Quarterly Outlook
Macro Outlook: The US rate cut cycle has begun
Peter Garnry
Chief Investment Strategist
Chief Macro Strategist
Summary: The watershed moment of a major central bank, the Bank of England, forced to backtrack on tightening policy, even if only in “emergency” fashion, shoved global rates sharply lower yesterday. A chunky portion of that move was unwound today, but lower US treasury yields have taken the USD quite a bit lower after the dire drumbeat of rising yields in prior days. While in the longer term, the Bank of England’s move may presage a pivot from other central banks, but for now, it is far too early to call a Fed pivot.
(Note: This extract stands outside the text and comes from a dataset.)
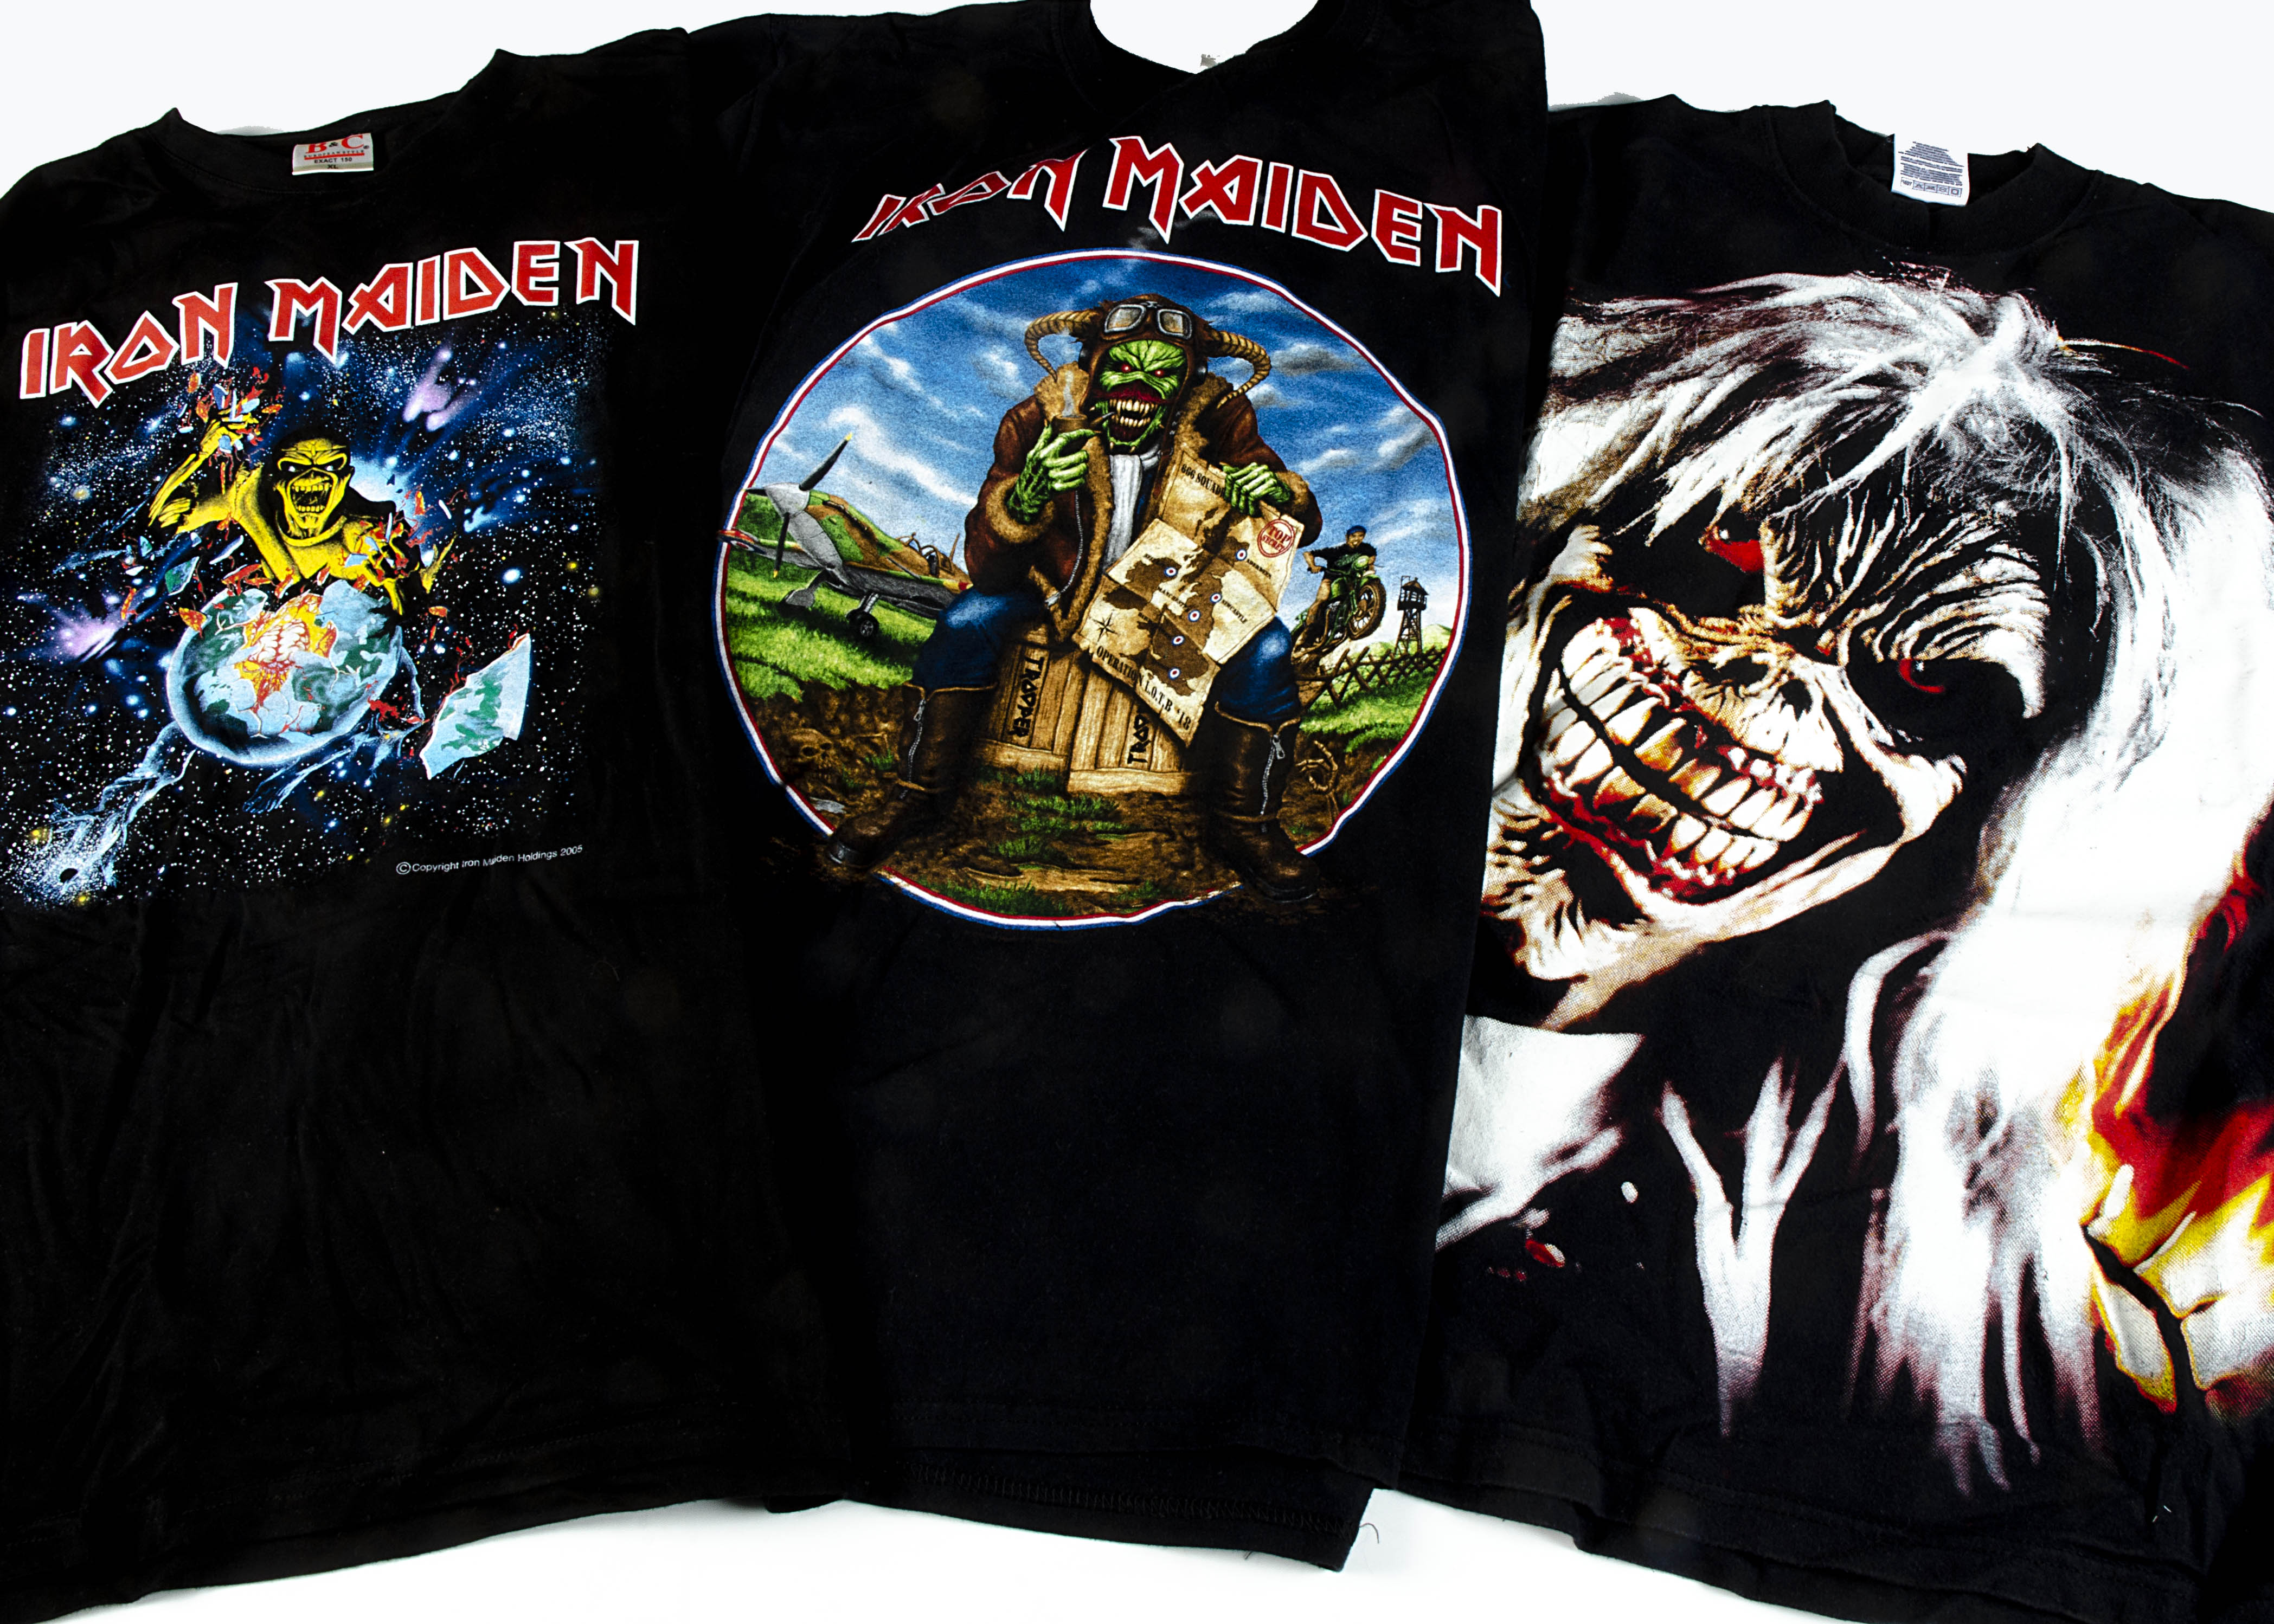 Three Iron Maiden 'T' Shirts, Iron Maiden 'T' shirts - Eddie rips up Europe tour 2005 shirt with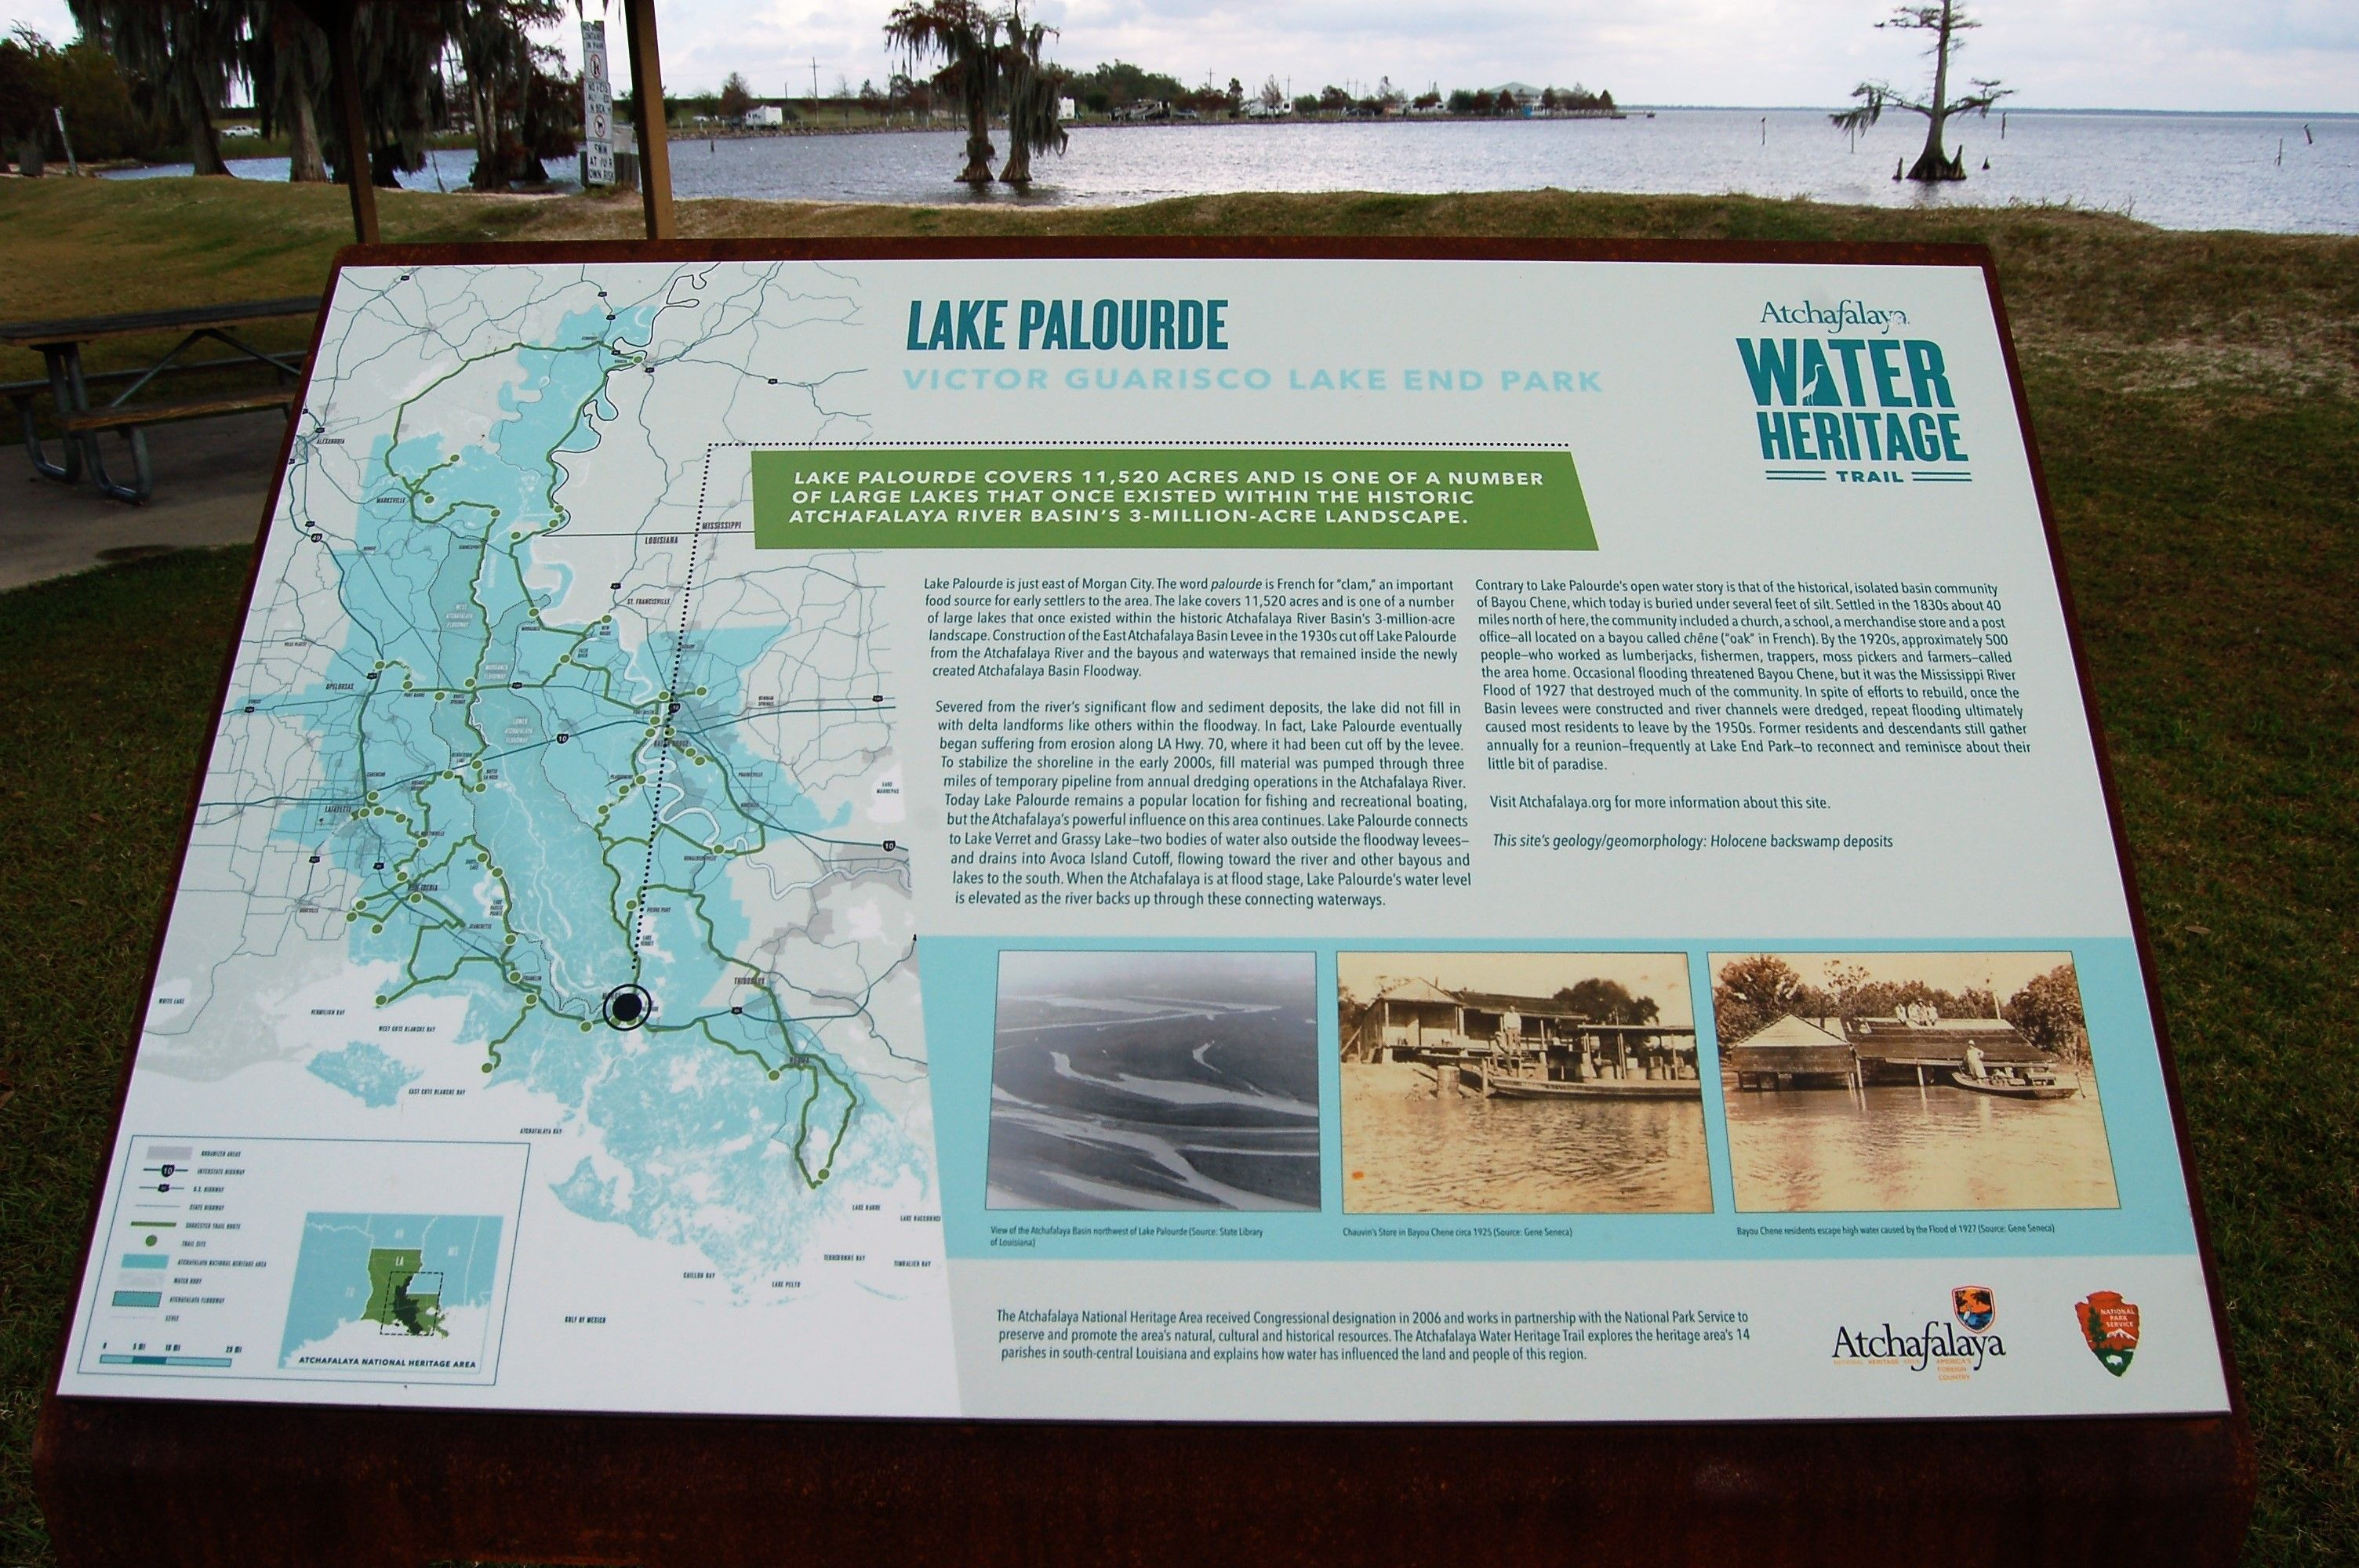 Lake Palourde Morgan City St Mary Parish Louisiana Morgan City Louisiana Parishes Lake

FX Trading focus: The Bank of England is not the Fed
The Bank of England emergency QE news broke yesterday just before pixel time for my FX Update. I noted in the heat of the moment that it was stunning to see the fleeting rally in sterling before the currency then sold off, trading in GBPUSD terms below 1.0600 as, all things being equal, in a world of tightening central banks, an easing central bank is negative for its currency. Alas, later in the session sterling rallied sharply to new intraday highs, with GBPUSD trading above 1.0900 and isn’t particularly weak today. As discussed in the EURUSD chart below, that is likely down to US treasuries finding some sympathetic support and US treasury yields also correcting sharply yesterday – so, take down US treasury yields and the USD will have a hard time now following.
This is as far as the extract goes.